Изменить стиль страницы

— Устроилась! — сказал он одобрительно. — Ну, не знал, что так живешь, — давно бы прикатил в гости! Сами мы, знаешь, как: шкуру под голову, шкуру на себя — порядок. А взамен занавесочки снежок, за зеркальце — ледок идет, все честь по комедии. Одно понимаем: живот набивать, тут не скупимся. — Он покачал головой, жалея самого себя: — Сказано: человек что птичка, нажрется, как свинья, и доволен! — Он вдруг резко оборвал себя: — Болтаю я, а ты что-то скучная? Или письма нехорошие? Начальники выговор влепили?
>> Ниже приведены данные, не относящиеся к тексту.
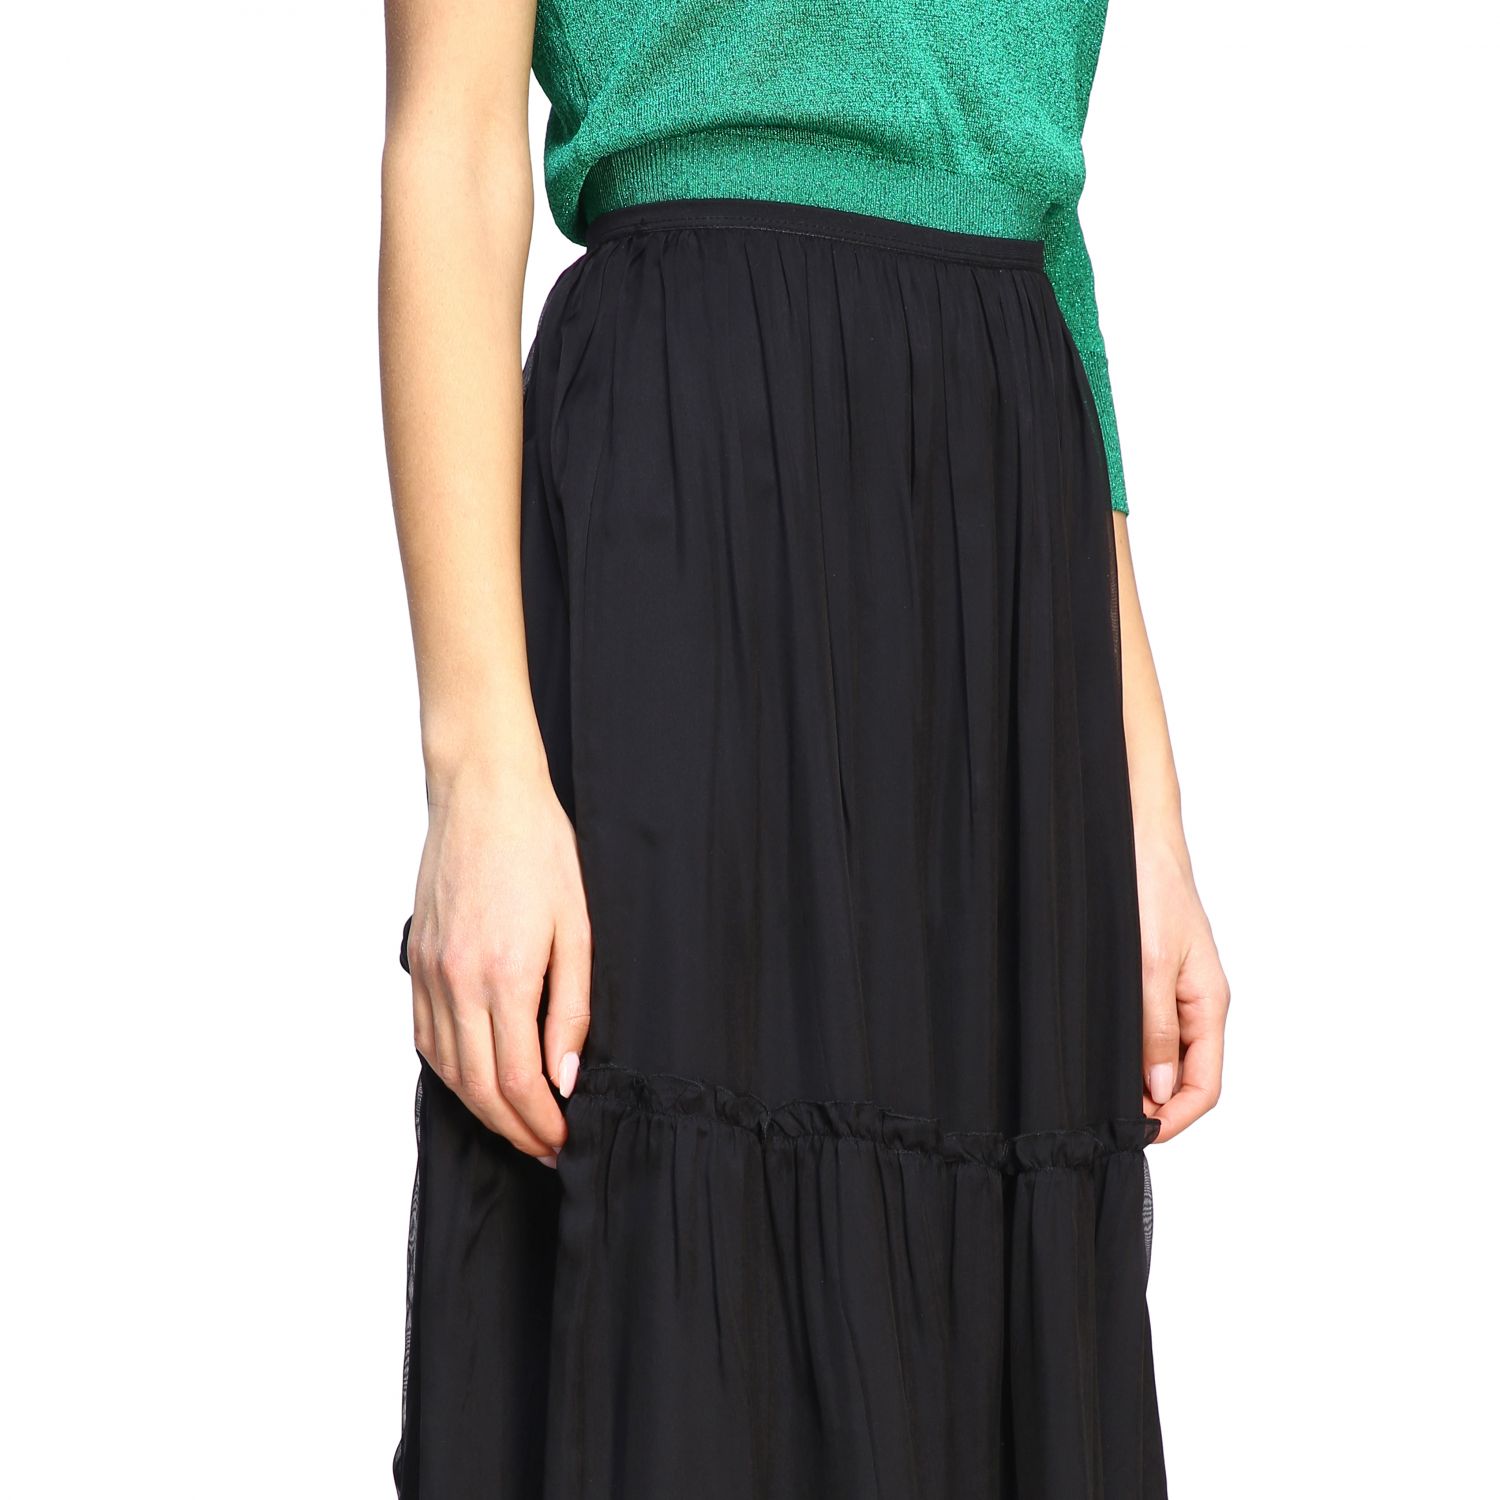 Federica Tosi Outlet: long skirt with flounces - Black | Skirt Federica ...

Ты не огорчайся: начальник для того и вознесен, чтоб выговора сеять, иначе откуда же высота его людям увидится? Так письма, что ли?

— Письма плохие, — подтвердила Оля, с трудом сдерживая новые слезы. — Выговоры — за то, что дура. Теперь умнее буду.

— Умной быть — не вредно, — заметил он, внимательно наблюдая ее лицо. — И начальникам внимания поменьше. Они свое, ты свое — так лучше.

— Так лучше, — повторила она мстительно. — Не думать ни о каких начальниках, делать свое дело!

— Во-во! — сказал он одобрительно. — Ия свое дело знаю — кто-кто, а я устрою… — Ему неудержимо захотелось похвастаться. — Спирт, что твои олешки пьют, чей? Личный, ни грамма государственного. Ну, и песцы, что за спирт пошли, — личные. И все довольны. Государству убытка нет, план пушнины перевыполнен, олешки веселятся, а мне тоже не горевать.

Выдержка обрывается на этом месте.